1. Superdish will only work with the new receivers??? Is this true, does this mean our 301's,501's, etc will not work at all with a superdish, or was this just a misstatement?

2. Superdish is required to get any new HD programming? So basically, once the new HD package is announced, I will only be able to subscribe if I have a superdish???

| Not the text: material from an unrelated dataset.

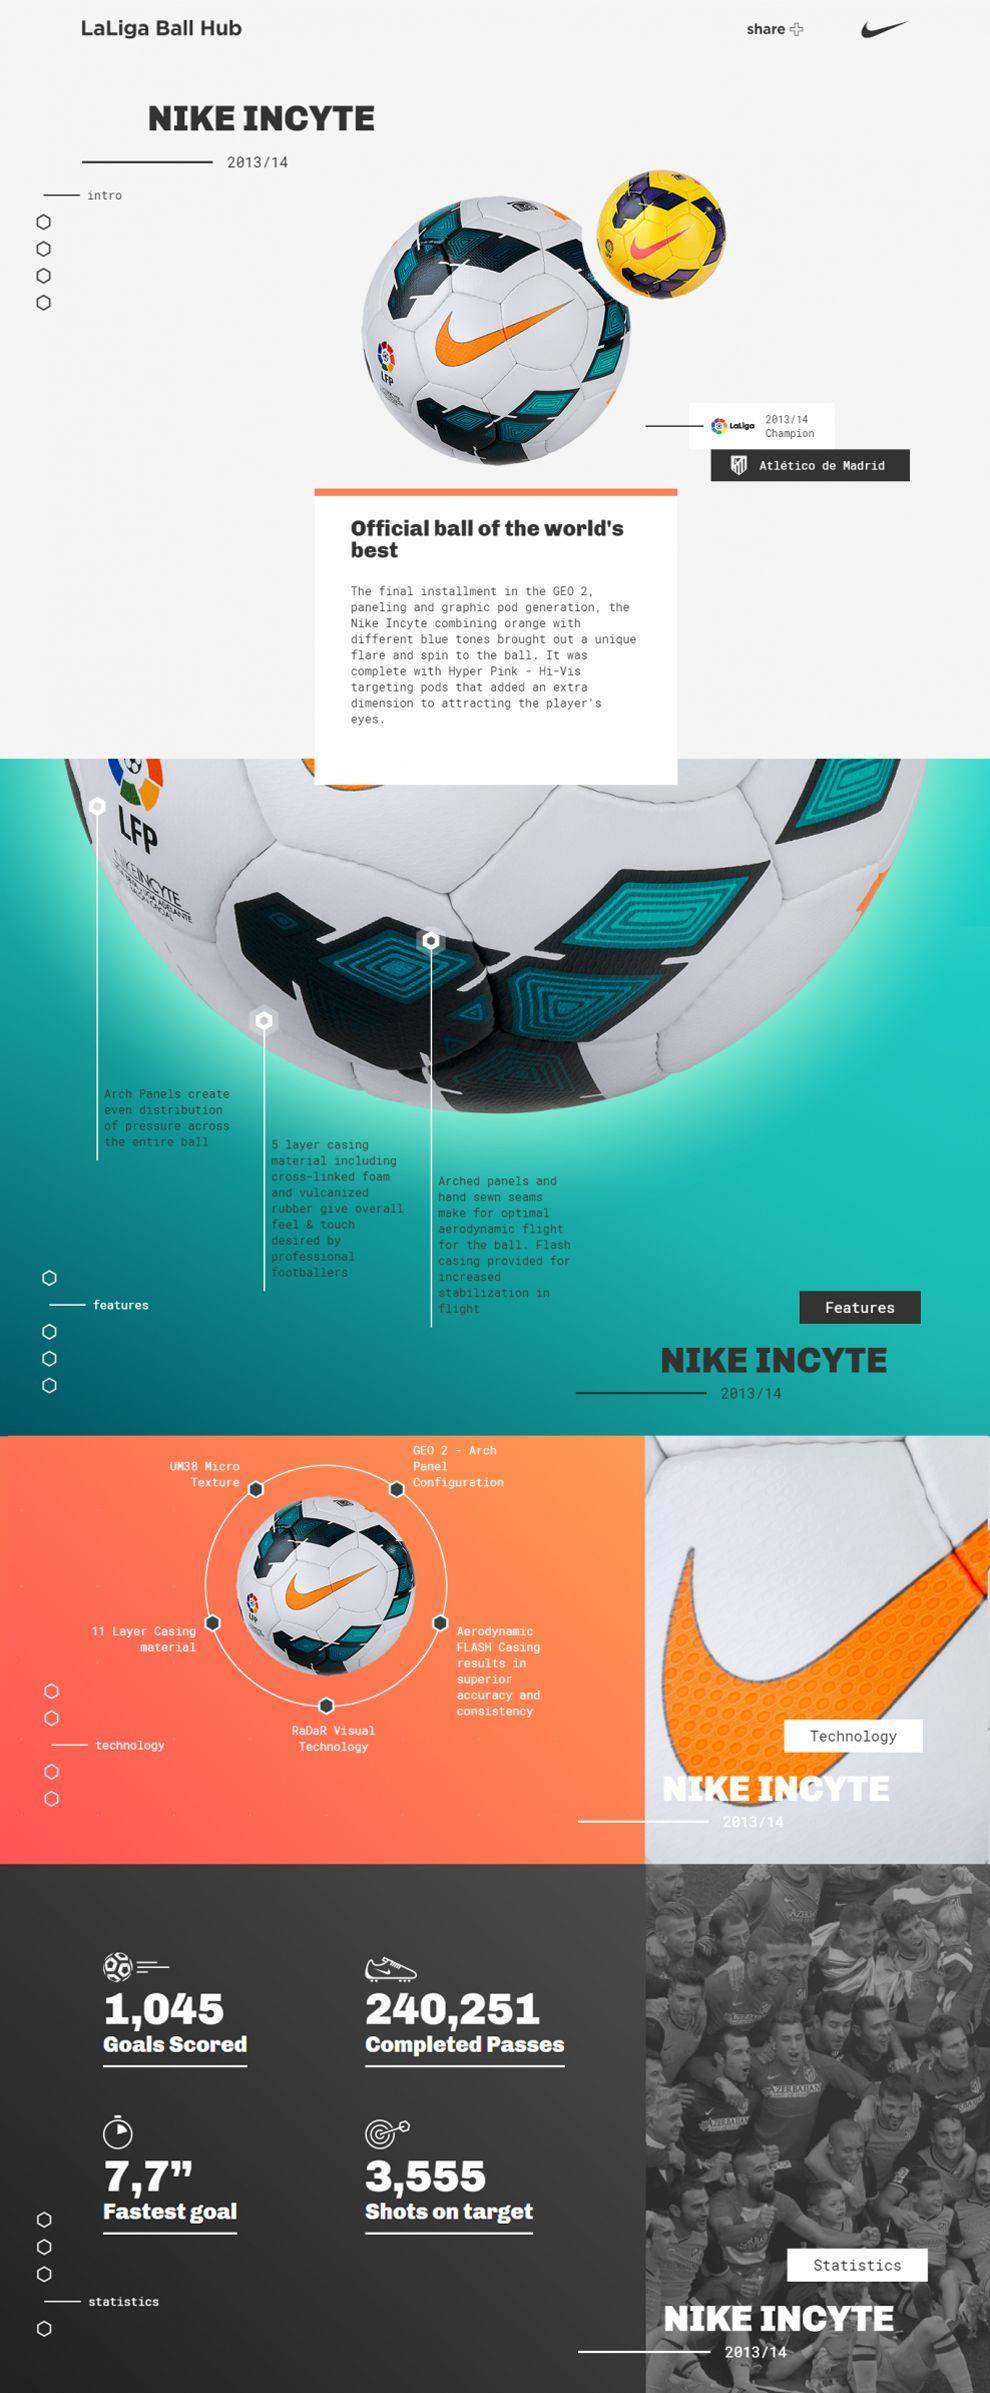 La Liga - Nike Ball Hub Colorful Website Design

thats all, although I was wondering as well if anyone has speculated on what a superdish will cost, and if the superdish dimensions falls within federal protected rights for home satellite use?


----------



## RAD (Aug 5, 2002)

belsokar said:


> i haven't read all the posts about the 921 and the superdish,...but it seems that someone stated that a couple things I would like to clarify
> 
> 1. Superdish will only work with the new receivers??? Is this true, does this mean our 301's,501's, etc will not work at all with a superdish, or was this just a misstatement?
> 
> ...


To answer:

#1 - They did not mention specific receivers that wouldn't work with SuperDish, they made a vague statement that receivers 5 or 6 years old wouldn't work. They did say the 305/501/508/6000 WOULD work with SuperDish.

#2 - Yes, all new HD programming would require the 105/110/119 SuperDish. I wasn't clear on the point if the current HD programming on 61.5/148 would be mirrored on SuperDish right from the start or if new installs would also need two dishes for the time being.


----------